Wonderful. Well, for now we’ll share whatever contact information you want to share. And then when you’re up and running and you get your website or whatever you’re envisioning for your business, then we can add all of these links to the podcast, because these podcasts go on forever.

Ashley Hagood  57:31

Awesome. Wonderful. Thank you so much.

Ashley Hagood, BSN, RN, NC-BC

 

Ashley Hagood is a Registered Nurse and recent International Nurse Coach Academy (INCA) Graduate of Cohort 40. With a decade of Nursing experience that began in Critical Care and transitioned to Women’s Health in 2022.

 

Ashley has demonstrated her passion for health and wellness at various stages in her career. In college, Ashley was named a campus Health and Wellness Ambassador for her wellness programming and initiatives.

 

Prior to beginning her 6-year tenure as a critical care travel nurse, Ashley collaboratively led a unit-based, nurse retention project at a Magnet Institution.

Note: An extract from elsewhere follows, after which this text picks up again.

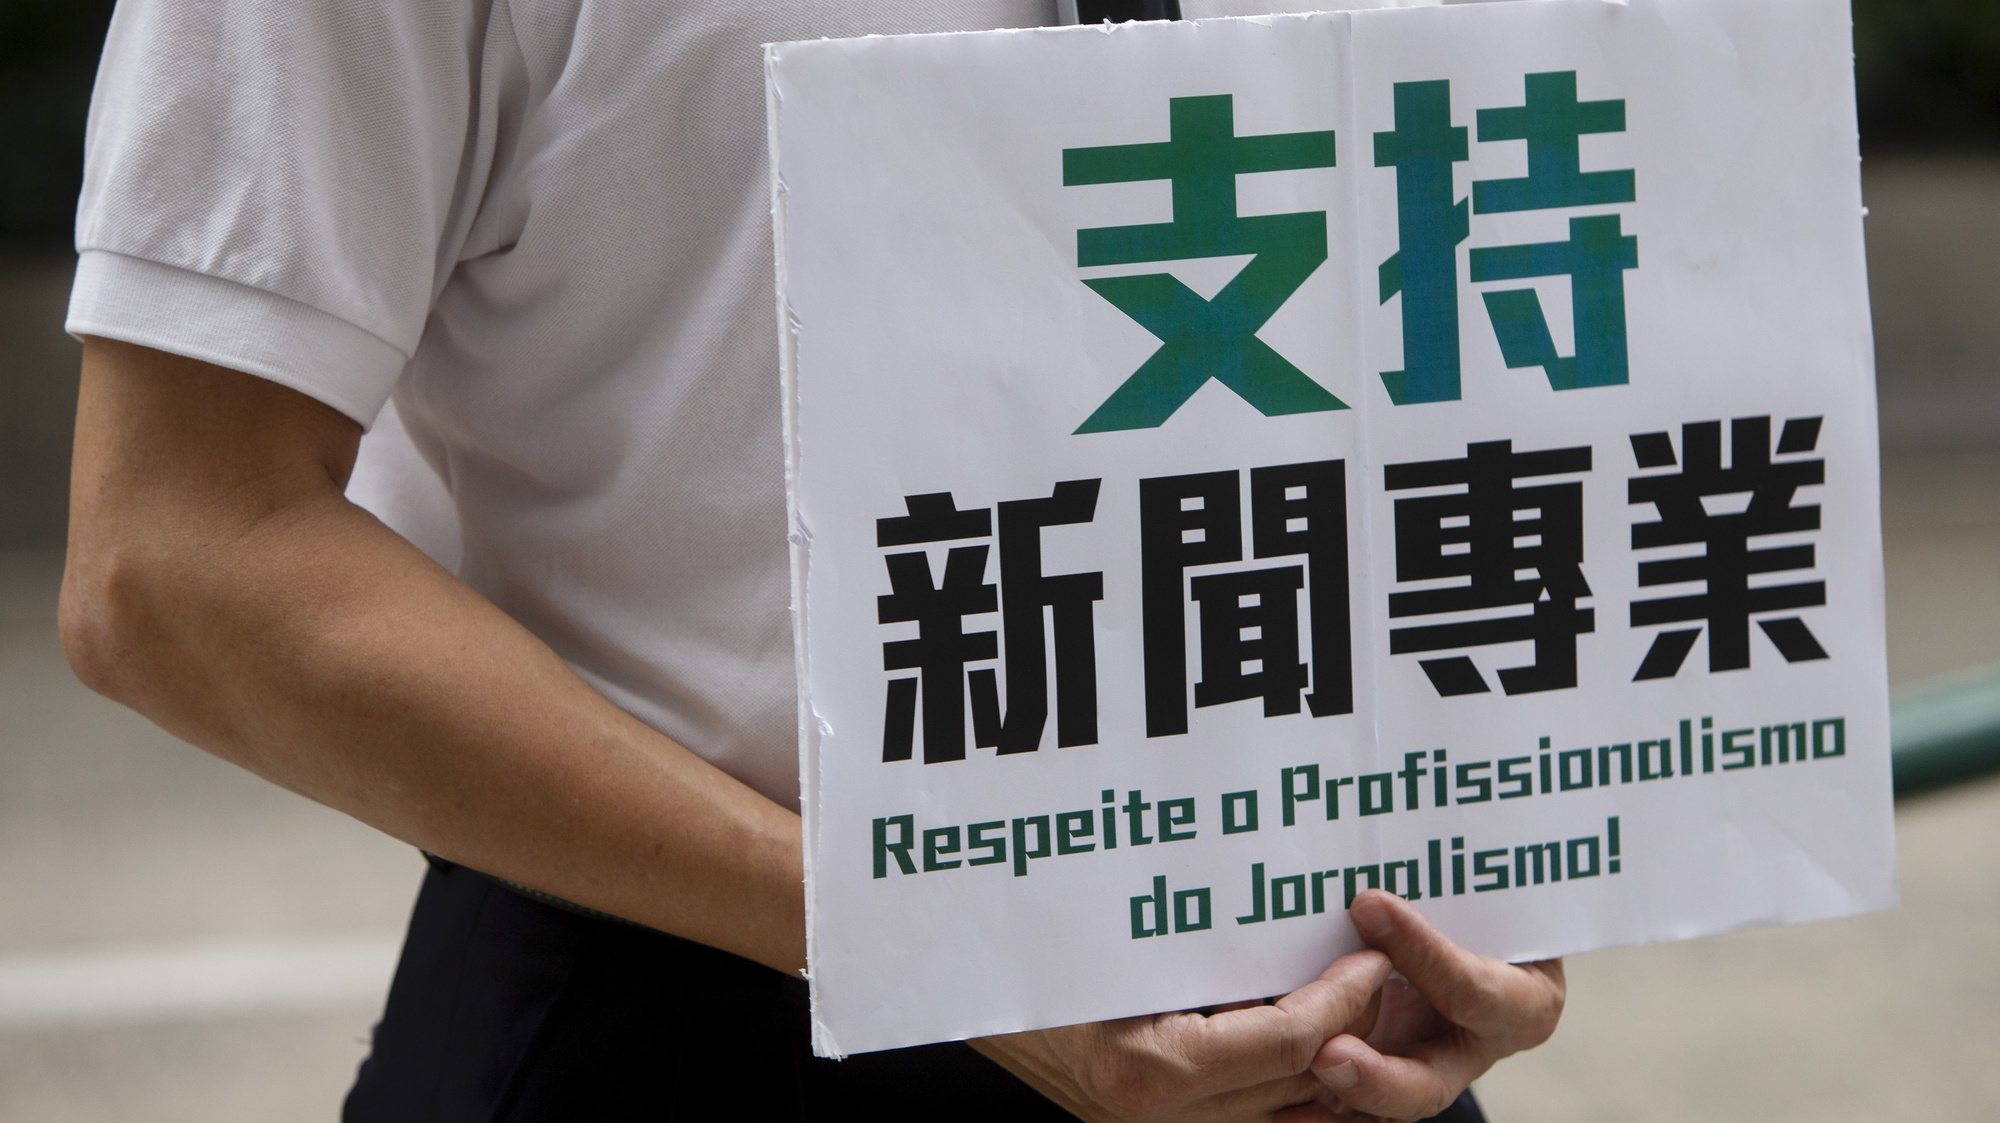 Manifestaçõa de apoio à liberdade de imprensa em Macau, frente às instalações da TDM. Macau, China, 4 de Abril de 2021, CARMO CORREIA/LUSA
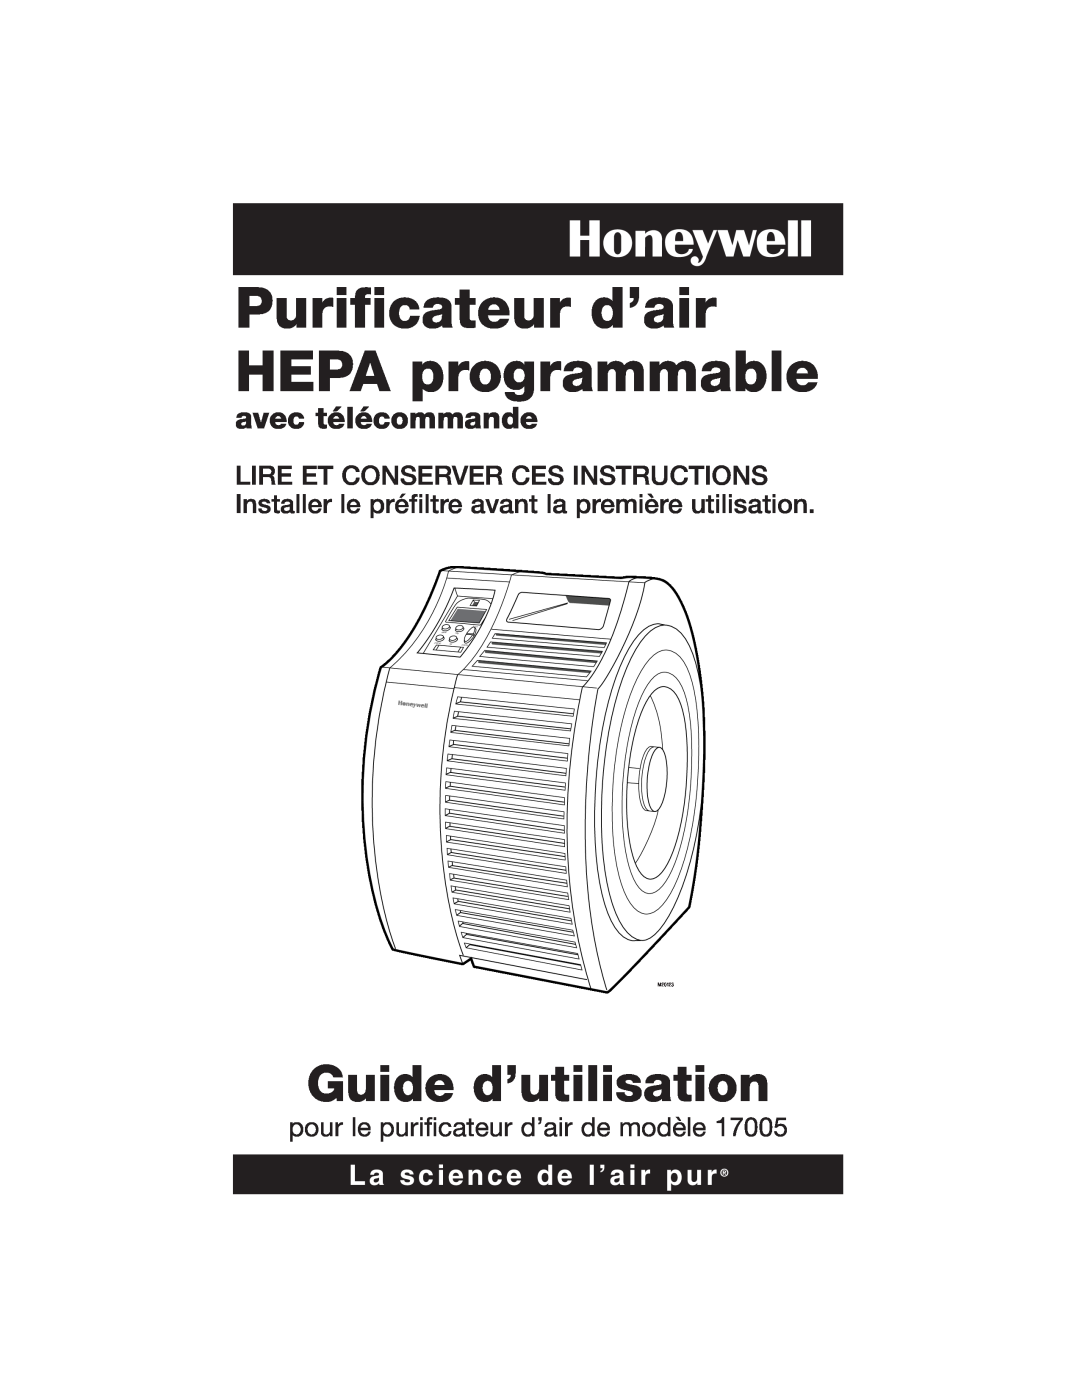 Honeywell 17005 Purificateur d’air HEPA programmable, Guide d’utilisation, avec télécommande, La science de l’air pur

In 2017, Ashley was named one of The Great 100 Nurses of Northeast Florida, an award that honors the professional and educational advancement of nurses in the region. 

 

Her experience has provided a broad and diverse perspective that led Ashley to identify core challenges in the current model of care. Ashley believes that by addressing the interconnected aspects of an individual’s well-being and involving patients as active participants; a vast potential of healing and well-being that extends beyond the absence of disease and encompasses optimizing vitality, resilience, and overall life satisfaction can be explored.

 

In 2021, Ashley took on her greatest physical challenge, and successfully climbed Mt. Kilimanjaro, the third highest summit in the world at over 19,000 feet high. Motivated by a thirst for knowledge and commitment to nursing excellence, Ashley’s current goals include; earning board certifications in Nurse Coaching and Holistic Nursing and starting an Integrative Nurse Coaching practice that provides Trauma-Informed Nurse Coaching to individuals, organizations and communities that are seeking to establish, meet or maintain health goals for overall improved quality of life.

 

In Ashley’s spare time she enjoys spending time with her family and god-children, traveling, salsa dancing and reading.

 

Ashley is from Philadelphia, P.A, and holds a Bachelor’s degree from Widener University.